Adds a first-class Convex-backed suspension guard for payment risk events and wires it into chat and agent request entry points.

Changes

• Add user_suspensions schema and Convex mutations/queries for active and resolved suspension state.
• Persist fraud/dispute webhook outcomes into Convex suspension records.
• Block cost-incurring chat, agent, and agent-long requests when an active suspension exists.
• Extract shared Stripe customer to WorkOS user resolution for billing webhooks.
• Rename dispute hold state to dispute_billing_hold so the category describes app policy rather than raw Stripe reason.
• Add direct tests for suspension messages, Convex suspension behavior, and the server guard.

Impact

Users with active fraud warnings, fraudulent disputes, or disputed-payment billing holds are blocked before model work starts, including when they would otherwise appear as free users. Billing/support paths can still use Stripe metadata and Convex state to understand why an account is held.

Validation

• Pre-commit hook ran tsc --noEmit
• Pre-commit hook ran full Jest suite: 67 suites, 969 tests passed
• Focused suspension tests passed before commit
• Focused ESLint and Prettier checks passed on touched files

Summary by CodeRabbit

• New Features

  • Per-user suspension records and automatic gating that blocks cost-incurring actions for suspended users.
  • Improved billing-to-user resolution for webhooks.

• UI

  • Suspensions show a single "Contact Support" action; error UI now favors informative cause text when present.

• Tests

  • Added tests for suspension lifecycle, webhook behavior, billing resolution, and request-blocking.

[vercel]

The latest updates on your projects. Learn more about Vercel for GitHub.

Project	Deployment	Actions	Updated (UTC)
hackerai	Ready	Preview, Comment	May 16, 2026 1:03am

[coderabbitai]

No actionable comments were generated in the recent review. 🎉

ℹ️ Recent review info

⚙️ Run configuration

Configuration used: defaults

Review profile: CHILL

Plan: Pro

Run ID: e07d4dc2-b158-4157-a5ee-8942650fc75c

📥 Commits

Reviewing files that changed from the base of the PR and between 162a0dc and 9b5d795.

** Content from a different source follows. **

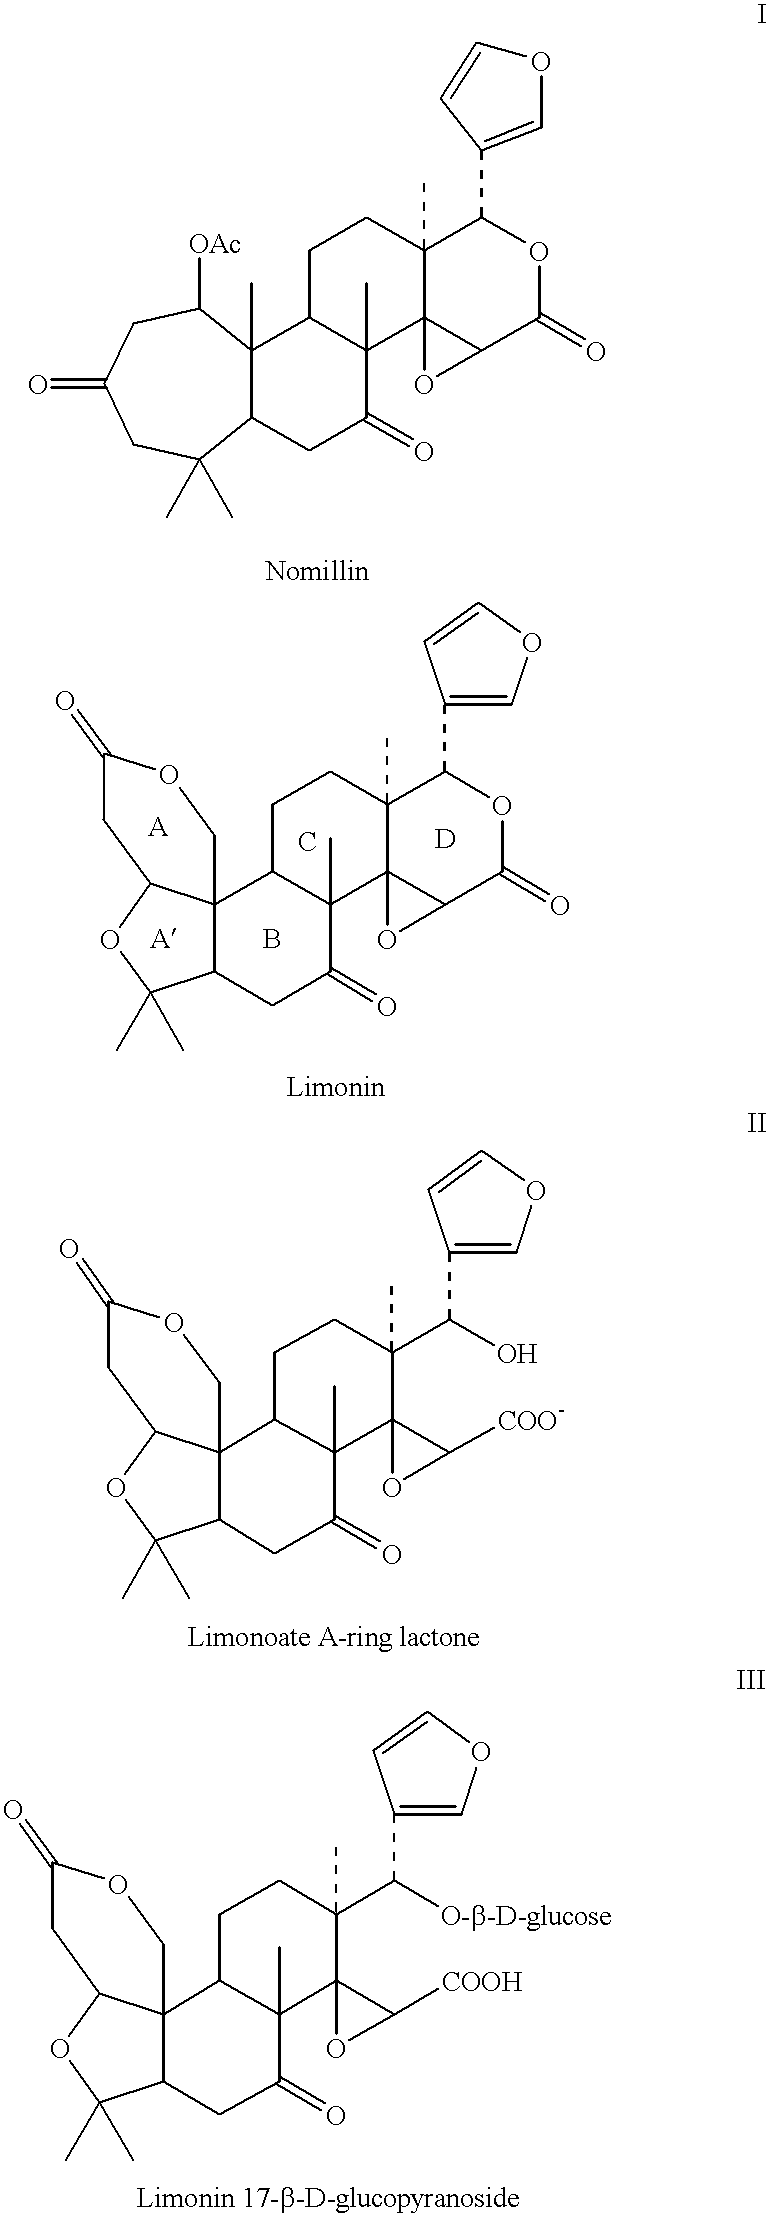 Compositions and methods for treatment of neoplastic diseases with combinations of limonoids, flavonoids and tocotrienols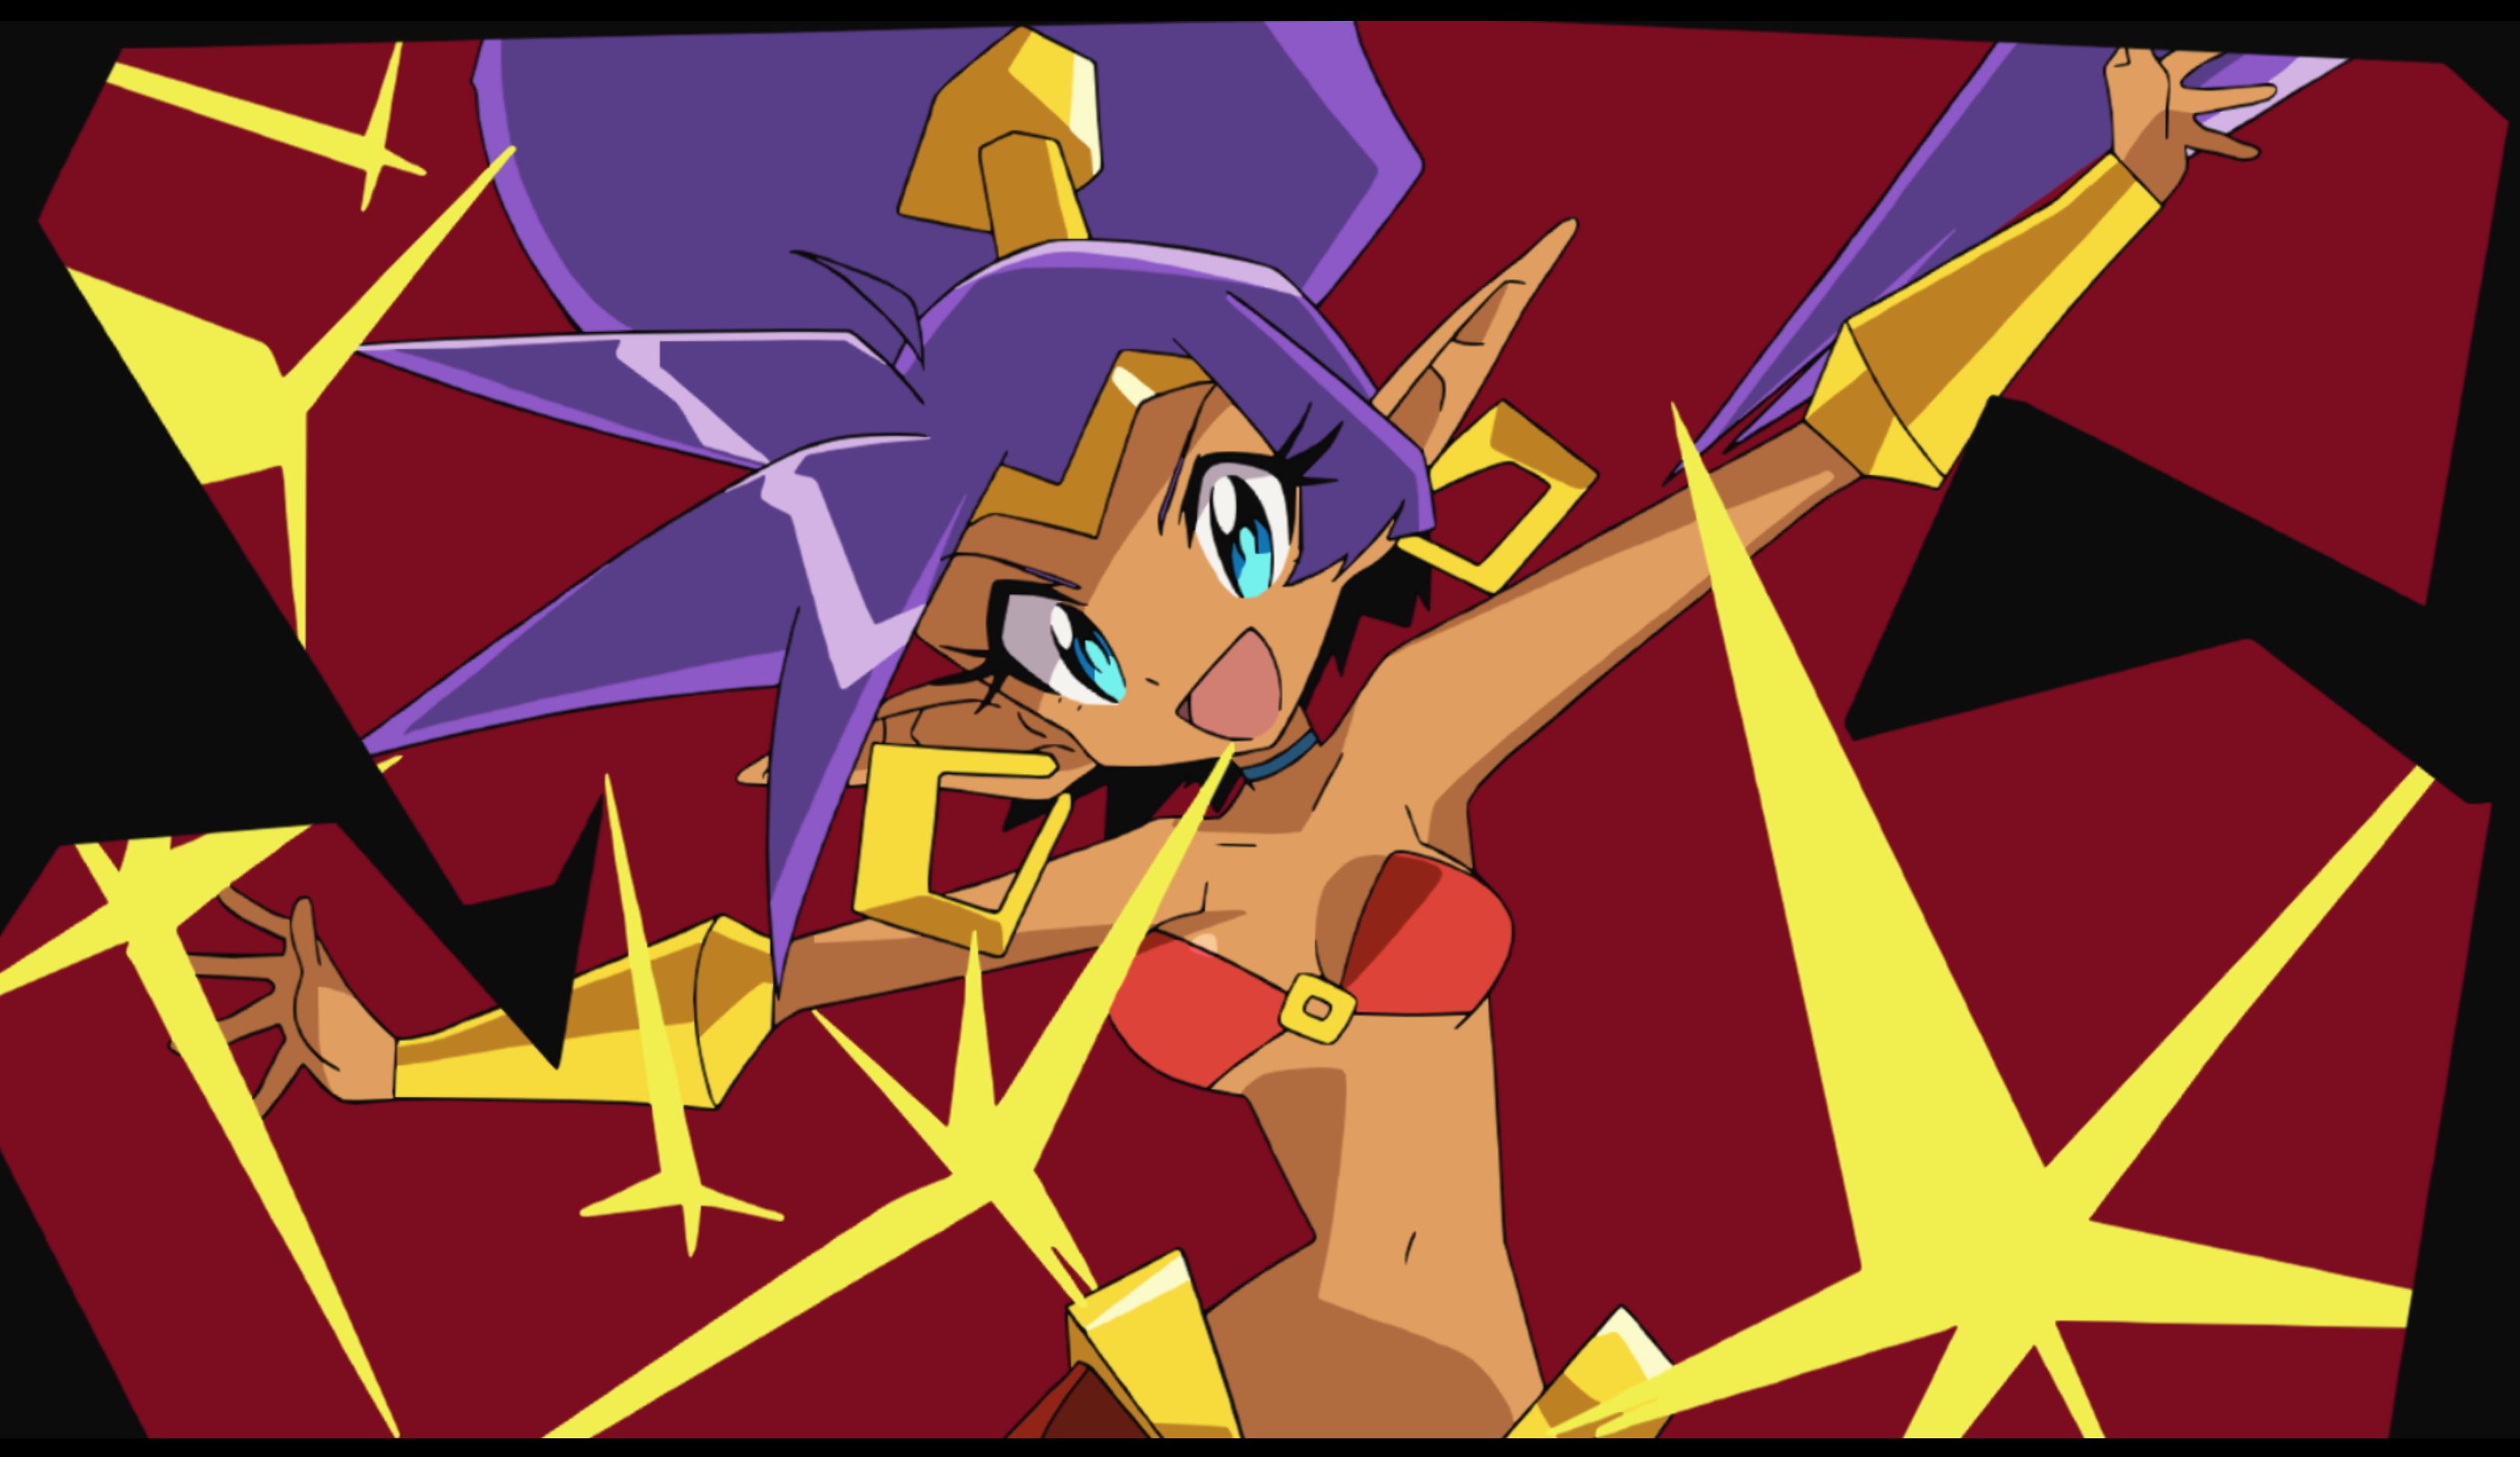 Shantae and the Seven Sirens won't have DLC, details on the Japanese/Asian release being worked on

📒 Files selected for processing (1)

• lib/__tests__/resolve-customer-users.test.ts

🚧 Files skipped from review as they are similar to previous changes (1)

• lib/tests/resolve-customer-users.test.ts

---

📝 Walkthrough

Walkthrough

Adds Convex-backed user suspensions, server-side gating for cost-incurring requests, fraud-webhook wiring to upsert suspensions, extracts Stripe→WorkOS customer resolver, and updates UI/error messages and tests.

Changes

User Suspension Infrastructure

Layer / File(s)	Summary
Suspension schema and lifecycle endpoints convex/schema.ts, convex/userSuspensions.ts	Adds user_suspensions table with status (active/resolved), category (early_fraud_warning/dispute_fraudulent/dispute_billing_hold), provenance fields, timestamps, and indexes; implements getActiveByUser, upsertActive, and resolveBySource.
Convex endpoint tests convex/__tests__/userSuspensions.test.ts	Tests upsert/create, idempotent re-activate behavior, getActive ordering by source_created_at, and resolveBySource lifecycle.

Suspension gating and messaging

Layer / File(s)	Summary
Server gating + messages lib/suspensions.ts, lib/suspensionMessage.ts, lib/__tests__/suspensions.test.ts, lib/__tests__/suspensionMessage.test.ts	Adds service-role Convex client helpers: getActiveSuspensionForUser and assertUserCanMakeCostIncurringRequest that throws a ChatSDKError with composed message/metadata when suspended; extends label mapping for dispute_billing_hold; tests validate blocking behavior and message safety.

Fraud Webhook and Customer Resolution

Layer / File(s)	Summary
Customer-to-user/org resolver extraction lib/billing/resolve-customer-users.ts, lib/__tests__/resolve-customer-users.test.ts, app/api/subscription/webhook/route.ts	Moves Stripe customer → WorkOS membership resolution into resolveUserIdsFromCustomer and updates subscription webhook to delegate to it (removes direct WorkOS import).
Fraud webhook suspension integration app/api/fraud/webhook/route.ts	Adds suspendCustomerUsers helper that resolves user IDs and upserts Convex suspensions; refactors blockFraudulentUser to accept structured suspension metadata and wires suspension creation into early fraud warnings, fraudulent disputes, and billing-hold disputes.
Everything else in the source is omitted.